When I received this book, Handbook of fitting statistical distributions with R, by Z. Karian and E.J. Dudewicz,  from/for the Short Book Reviews section of the International Statistical Review, I was obviously impressed by its size (around 1700 pages and 3 kilos…). From briefly glancing at the table of contents, and the list of standard distributions appearing as subsections of the first chapters, I thought that the authors were covering different estimation/fitting techniques for most of the standard distributions. After taking a closer look at the book, I think the cover is misleading in several aspects: this is not a handbook (a.k.a. a reference book), it does not cover standard statistical distributions, the R input is marginal, and the authors only wrote part of the book, since about half of the chapters are written by other authors…

The system we develop in this book has its origins in the one-parameter lambda distribution proposed by John Tukey.” Z.A. Karian & E.J. Dudewicz, p.3,  Handbook of fitting statistical distributions with R

So I am glad I left Handbook of fitting statistical distributions with R in my office rather than dragging it along across the Caribbean! First, the book indeed does not aim at fitting standard distributions but instead at promoting a class of quantile distributions, the generalised lambda distributions (GLDs), whose quantile function is a location-scale transform of

$Q(y|\lambda_3,\lambda_4)=F_X^{-1}(y)=y^{\lambda_3}-(1-y)^{\lambda_4}$

(under the constraint on the parameters that the above function of y is non-decreasing for a positive scale and non-increasing otherwise) and that the authors have been advocating for a long while. There is nothing wrong per se with those quantile distributions, but neither is there a particular reason to prefer them over the standard parametric distributions! Overall, I am quite wary of one-fits-all distributions, especially when they only depend on four parameters and mix finite with infinite support distributions. The lack of natural motivations for the above is enough to make fitting with those distributions not particularly compelling. Karian and Dudewicz spend an awful lot of space on numerical experiments backing their argument that the generalised lambda distributions approximate reasonably well (in the L1 and L2 norms, as it does not work for stricter norms) “all standard” distributions, but it does not explain why the substitution would be of such capital interest. Furthermore, the estimation of the parameters (i.e. the fitting in fitting statistical distributions) is not straightforward. While the book presents the density of the generalised lambda distributions as available in closed form (Theorem 1.2.2), namely (omitting the location-scale parameters),

$f(x|\lambda_3,\lambda_4)=\dfrac{1}{\lambda_3F_X(x|\lambda_3,\lambda_4)^{\lambda_3-1}+\lambda_4\{1-F_X(x|\lambda_3,\lambda_4)\}^{\lambda_4-1}},$

it fails to point out that the cdf

$F_X(x|\lambda_3,\lambda_4)=Q^{-1}(x|\lambda_3,\lambda_4)$

itself is not available in closed form. Therefore, neither likelihood estimation nor Bayesian inference seem easily implementable for those distributions. (Actually, a mention is made of maximum likelihood estimators for the first four empirical moments in the second chapter,  but it is alas mistaken.) [Obviously, given that quantile distributions are easy to simulate, ABC would be a manageable tool for handling Bayesian inference on GLDs…] The book focus instead on moment and percentile estimators as the central estimation tool, with no clear message on which side to prefer (see, e.g., Section 5.5).

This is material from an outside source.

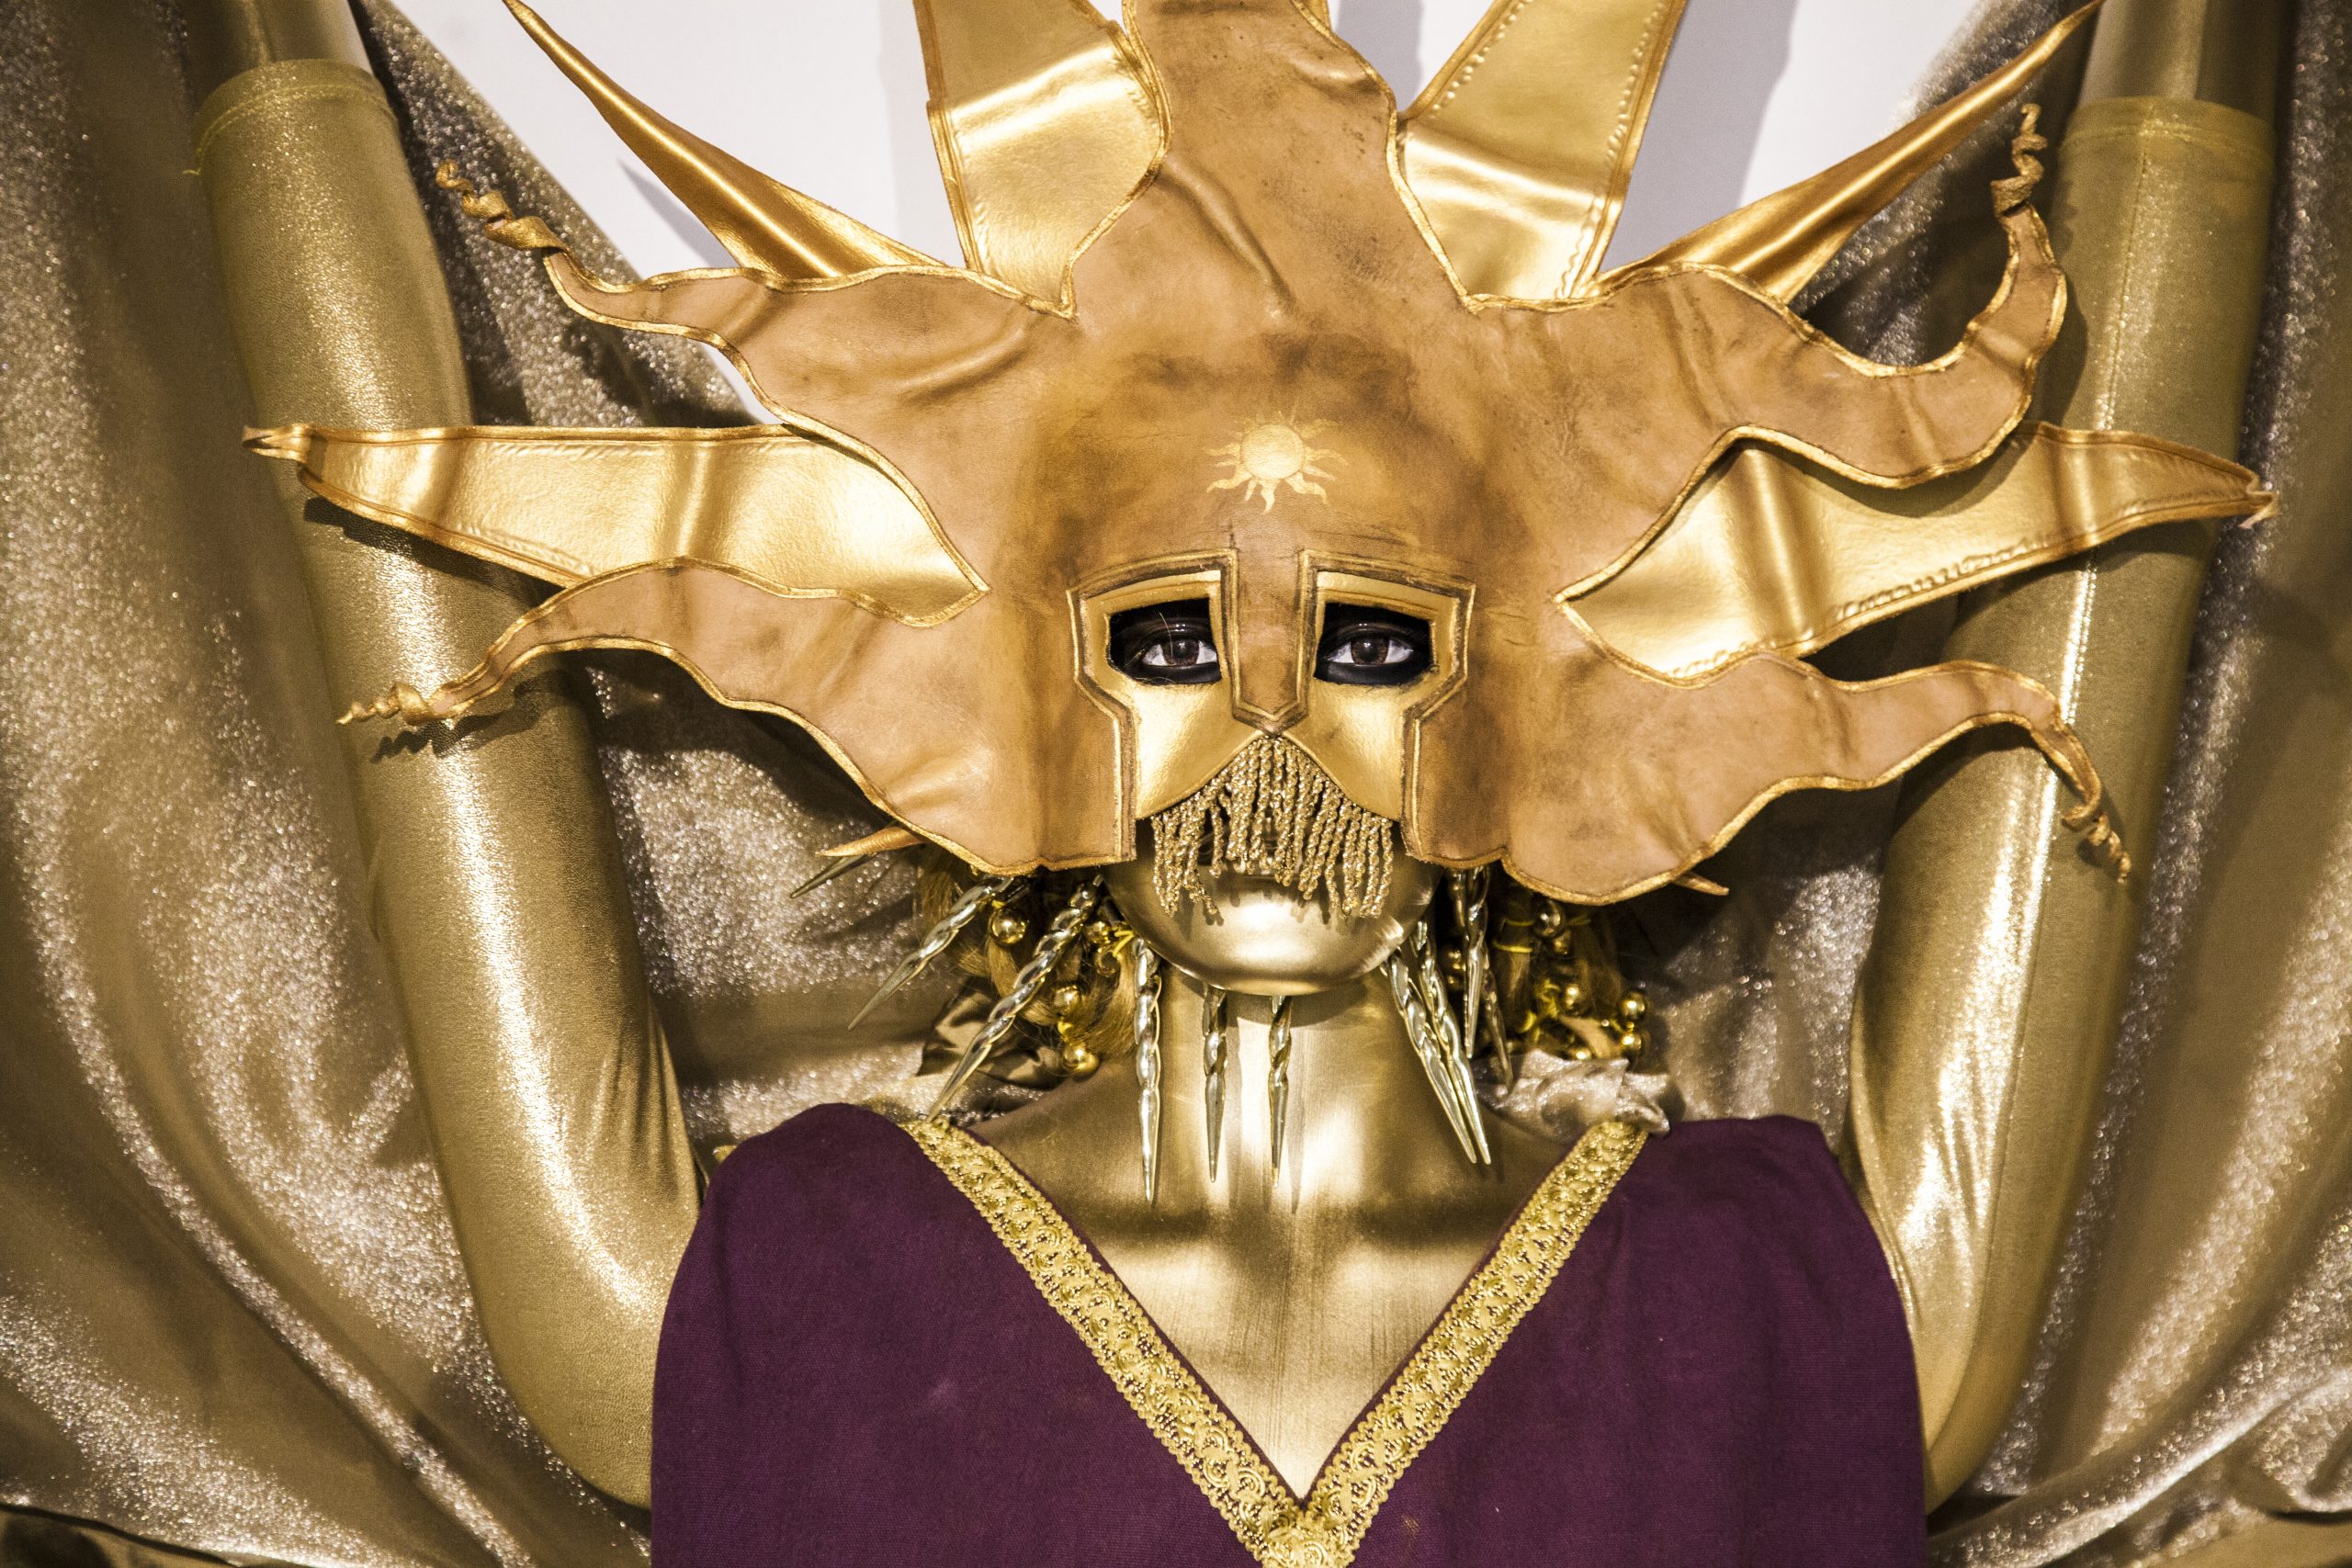 A golden clad dummy wearing a golden sun mask

A chapter (by Su) covers the case of mixtures of GLDs, whose appeal is similarly lost on me.  My major issue with using such distributions in mixture setting is that some components may have a finite support, which makes the use of score equations awkward and of Kullback-Leibler divergences to normal mixtures fraught with danger (since those divergence may then be infinite). The estimation method switches to maximum likelihood estimation, as presumably the moment method gets too ungainly. However, I fail to see how maximum likelihood is implemented: I checked the original paper by Su (2007), documenting the related GLDEX R function, but the approach is very approximate in that the true percentiles are replaced with pluggin (and fixed, i.e. non-iterative) values (again omitting the location-scale parameters)

$\hat u_i=F(x_i|\hat\lambda_3,\hat\lambda_4)\qquad i=1,...,n$

in the likelihood function

$\prod_{i=1}^n \dfrac{1}{\lambda_3\hat u_i^{\lambda_3-1}+\lambda_4\{1-\hat u_i\}^{\lambda_4-1}}$

A further chapter is dedicated to the generalised beta distribution, which simply is a location-scale transform of the regular beta distribution (even though it is called the extended GLD for no discernible reason). Again, I have nothing for or against this family (except maybe that using a bounded support distribution to approximate infinite support distributions could induce potential drawbacks…) I simply cannot see the point in multiplying parametric families of distributions where there is no compelling property to do so. (Which is also why as an editor/aeditor/referee, I have always been ultra-conservative vis-à-vis papers introducing new families of distributions.)

The R side of the book (i.e. the R in fitting statistical distributions with R) is not particularly appealing either: in the first chapters, i.e. in the first hundred pages, the only reference to R is the name of the R functions found on the attached CD-ROM to fit GLDs by the method of moments or of percentiles…  The first detailed code is found on pages 305-309, but it is unfortunately a MATLAB code!  (Same thing in several subsequent chapters.) Even though there is an R component to the book thanks to this CD-ROM, the authors could well be suspected of “surfing the R wave” of the Use R! and other “with R”collections. Indeed, my overall feeling is that they are mostly recycling their 2000 book Fitting statistical distributions into this R edition. (For instance, figures that are reproduced from the earlier book, incl. the cover, are not even produced with R. Most entries of the table of contents of Fitting statistical distributions are found in the table of contents of Handbook of fitting statistical distributions with R. The codes were then written in Maple and some Maple codes actually survive in the current version. Most of the novelty in this version is due to the inclusion of chapters written by additional authors.)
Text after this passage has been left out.